OpenAI requires a minimum of 10 examples but recommends 50-100 for a noticeable improvement. For complex tasks like code generation or domain-specific reasoning, 200-500 high-quality examples typically produce strong results. Beyond 1,000 examples, improvements plateau unless you are addressing a very diverse set of tasks. Quality matters more than quantity.

Can I fine-tune open-source models like Llama with the same data format?

Not directly. Open-source models use different training frameworks (like Hugging Face Transformers, Axolotl, or LLaMA Factory), each with their own data format conventions. However, the conceptual structure is similar: input-output pairs organized as conversations. The [Fine-Tuning Formatter](/tools/fine-tuning-formatter) can convert between common formats.

How long does fine-tuning take?

OpenAI fine-tuning typically completes in 30 minutes to 2 hours depending on dataset size and model.

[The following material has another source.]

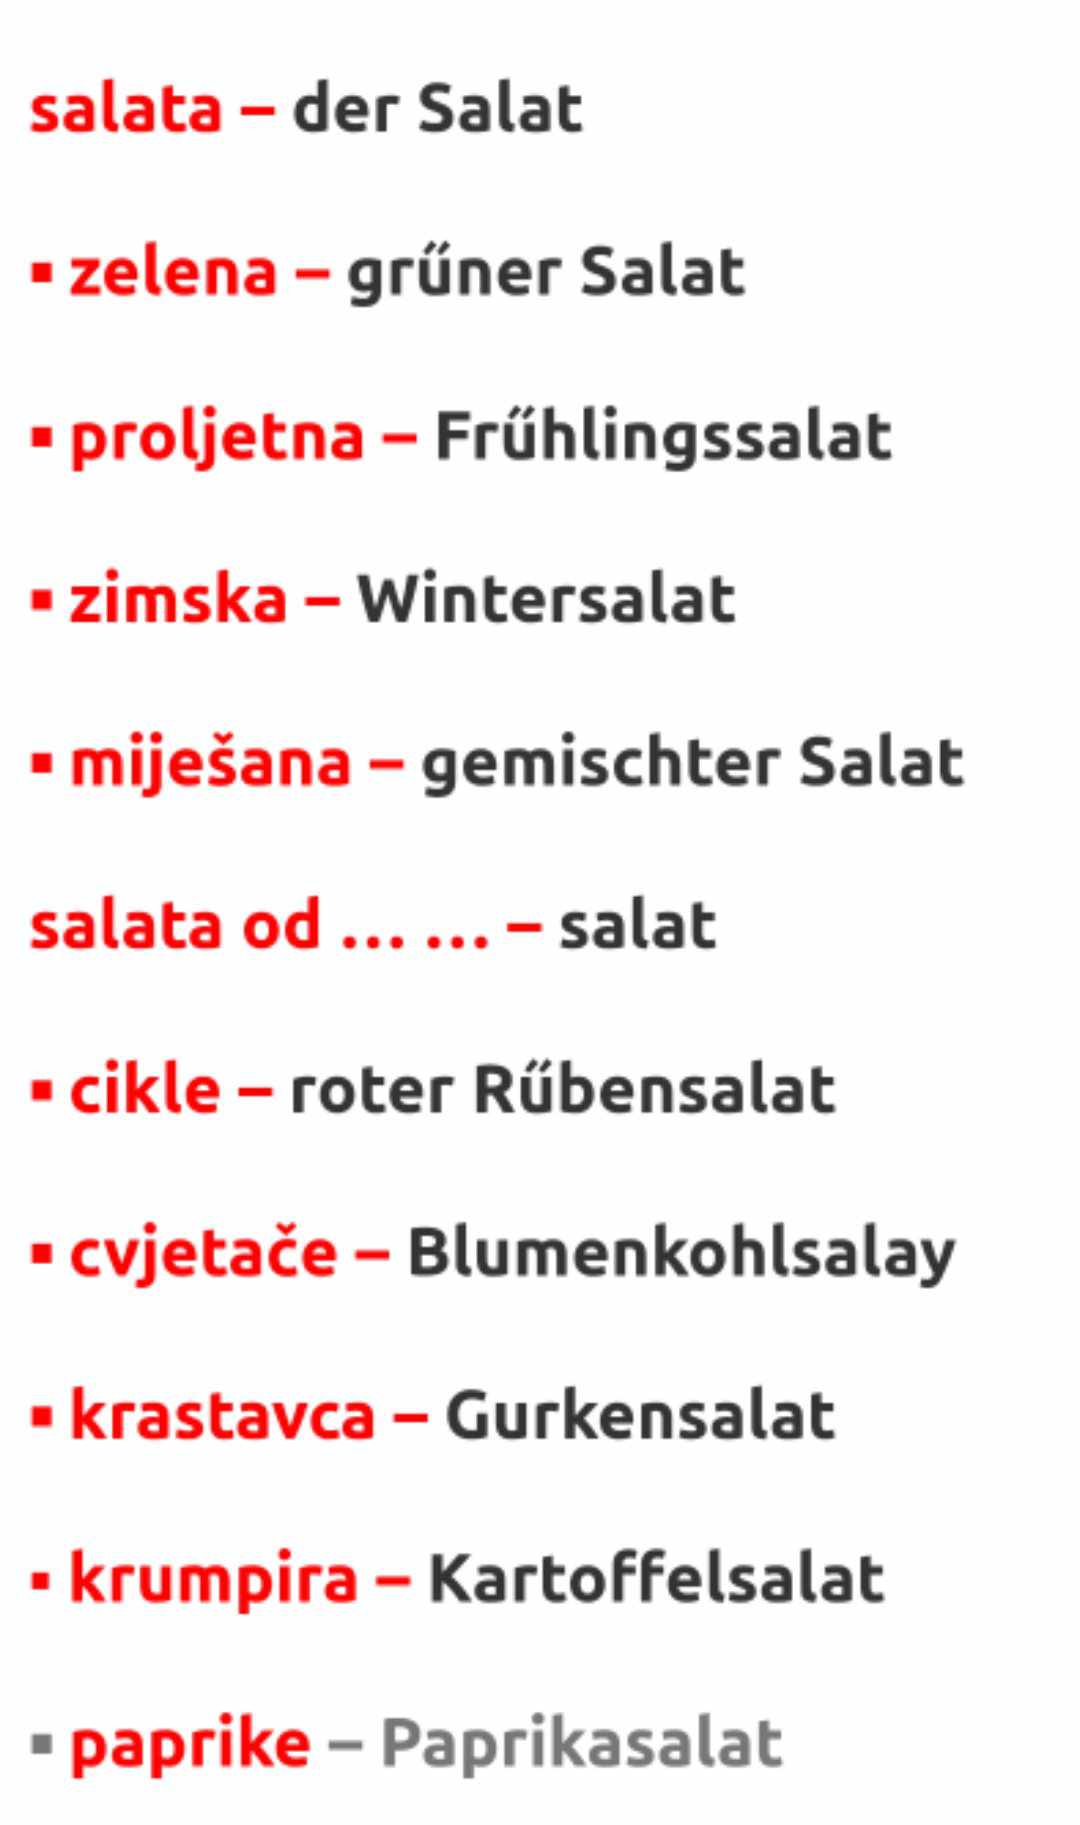 salate - SALATE – SALATE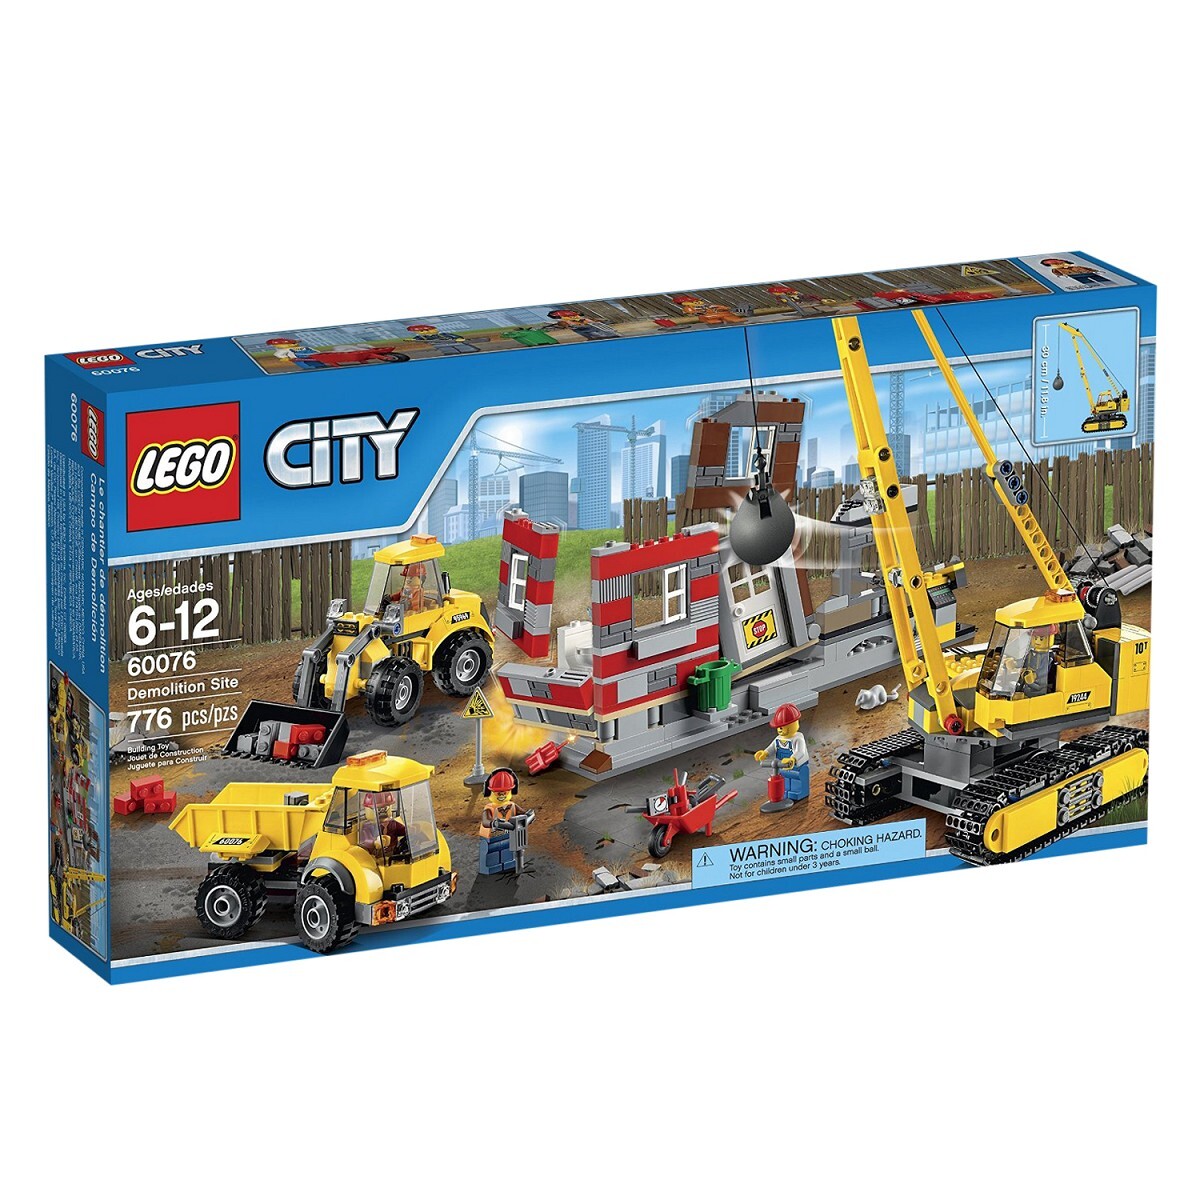 Đồ chơi Lego City - Công trường xây dựng Building site 60076

Anthropic and Google timelines vary. Self-hosted fine-tuning on Llama 70B can take 4-24 hours on a single A100 GPU depending on the dataset and training configuration.

Is fine-tuning better than prompt engineering?

They solve different problems. Prompt engineering is faster, cheaper, and more flexible. Fine-tuning is better for consistent formatting, domain-specific behavior, and reducing token usage (because you no longer need lengthy few-shot examples in every prompt). Start with prompt engineering. Fine-tune only when you have identified a specific behavior that prompting alone cannot achieve reliably.

What happens if my training data has errors?

The model learns from your errors. If 10% of your training examples have incorrect outputs, the fine-tuned model will reproduce those errors approximately 10% of the time. This is why data quality review is critical. Have a domain expert validate a random sample of your training data before uploading it.

Can I fine-tune a model to forget its safety training?

No. All major providers have safeguards that prevent fine-tuning from overriding safety behavior. Attempting to do so will result in your fine-tuning job being rejected or your API access being revoked. Fine-tuning is for specialization within the model's existing safety boundaries.